Miriam Allred (05:48)
So talk about the state of technology in home care today. You have been doing this for several years in home care specifically. And so you and I both have seen an evolution of technology over the last couple of years and we're in the hockey stick of AI right now. But what's your take on kind of the good, the bad, the ugly of technology in home care today?
Denise (06:10)
Well, you're absolutely right. Home care has been handed tech that often feels disjointed, right? So the EVV, the payroll, the compliance software, it's been built to manage operations, but in silos. And the most underestimated cost in this industry is the cost of poor tech decisions. And agencies often add new tools to fix issues, which they know actually causes fragmentation.
but they feel like they don't have an alternative. know, when caregivers are expected to juggle multiple logins, apps, and communication channels, the results is confusion, and they feel disconnected and constant handholding from the office, and that basically eats up their team's time, and it leads to burnout on all sides. So I feel like the real cost is lost bandwidth. You the staff gets stuck in the weeds,
they lose the capacity to grow. That's why eliminating that chaos first through consolidation is powerful. And it surprises agencies all the time at how much time they get back and how clarity often gives them that foundation for real growth. I also feel like the good news is the agencies really do want to solve this. The bad news is that most tech stacks just add more systems.
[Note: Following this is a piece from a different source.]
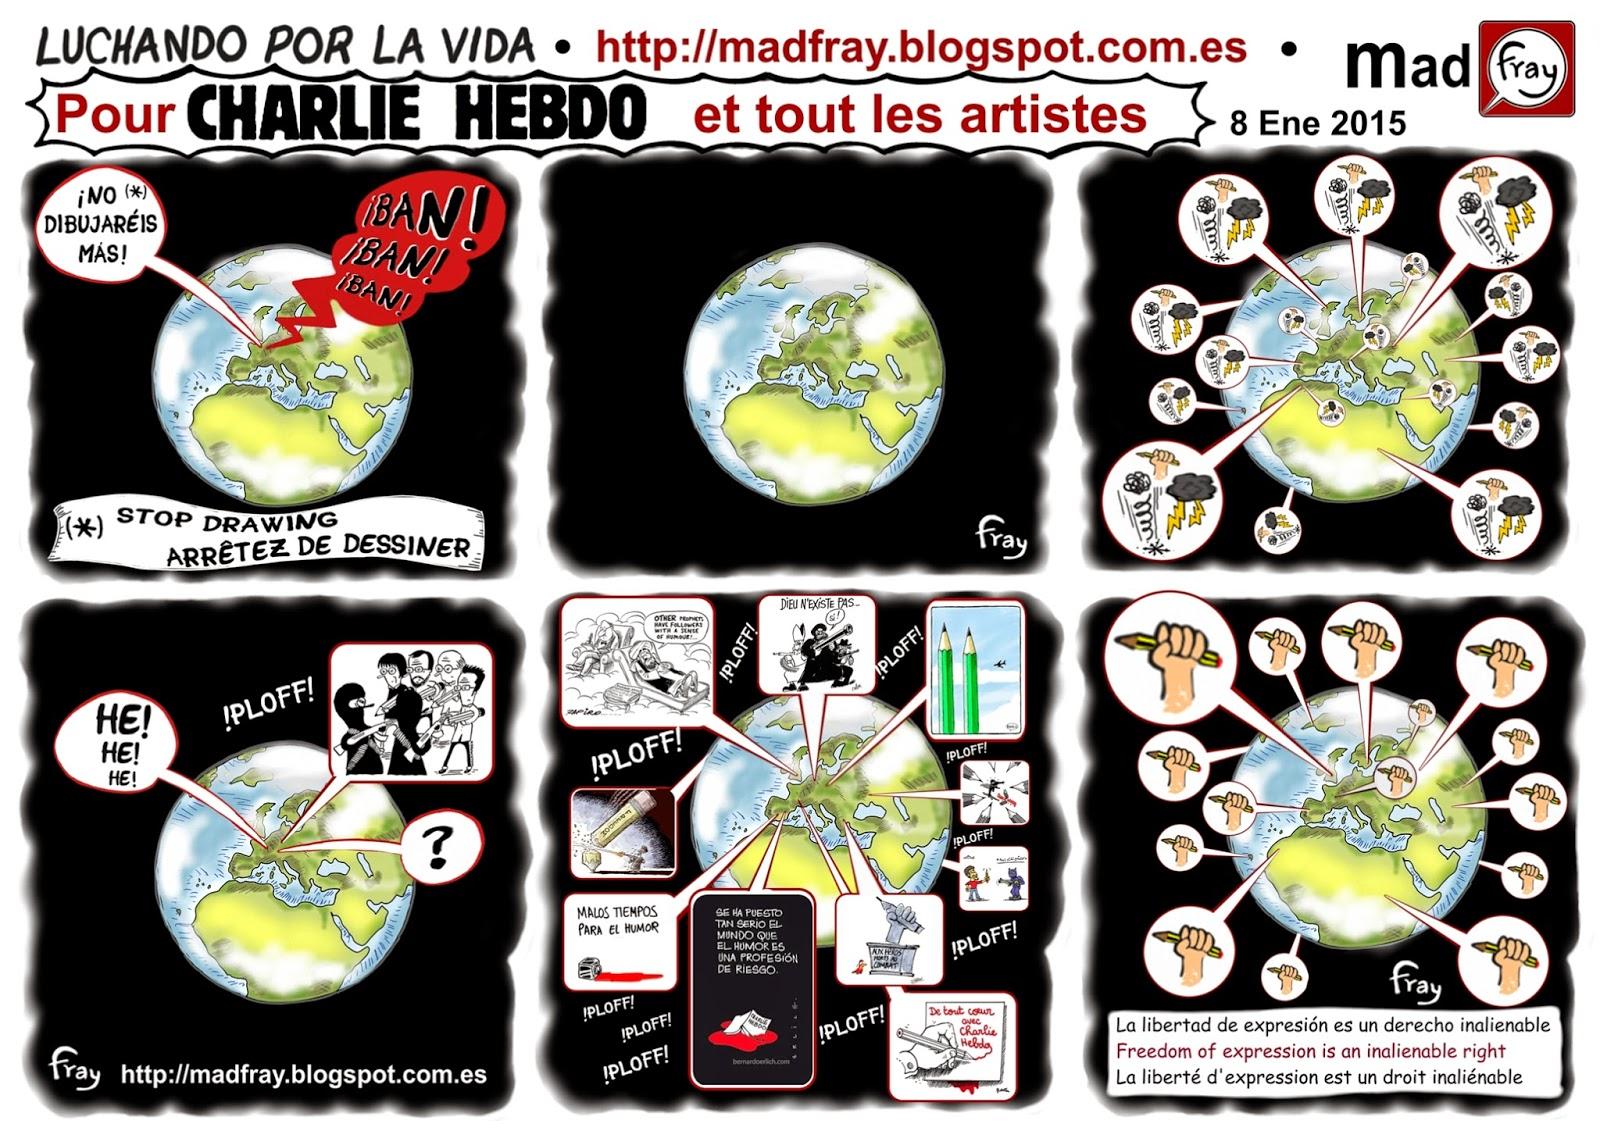 Viñeta de los dibujantes satíricos de todo el mundo responden al atentado contra la revista, Charlie Hebdo y la libertad de expresión en París, Mad Fray, viñeta irónica y reivindicativa. Por Charlie Hebdo y todos los dibujantes. Pour Charlie Hebdo et tout les artistes, By Charlie Hebdo and all artists. Mad Fray

to an already fragmented environment. And what we've seen is that more tech, without essential purpose, and with bolted on features, kind of makes things worse. I don't know if you've seen this, but when an EVV or any other kind of software, they realize they need to add some more features and they start bolted on. I know you use EVV for a visitor.
verification, but now we're going to use it for like a daily survey for caregivers. Now that's like even just like supersizing the confusion on the tools and what they're meant to do, which again then will lead to like poor adoption, right? And that's why when we started working in this industry, we immediately started launching apps as like a caregiver operations hub. And basically it was like a mobile based like command center.
that aggregate all the software together in one place, that allows the caregivers to work with each platform seamlessly. And the funny thing, we were immediately getting questions from the other software companies and they were asking, are we competitors? They quickly realized that we weren't. We're not telling our agents, oh, you have to replace all the software and consolidate everything in one place.
What we do is we're just bringing them together onto one roof because that's what reduces the friction. And then we'll layer everything else a caregiver needs to work with that agency around the software. And then we then anchor it in our framework. And we call our framework the three Cs. And I know we're going to talk a little bit about that communication, connection, and consolidation. Because what we found is if those three things aren't right, no tool will fix turnover or help an agency grow their revenue.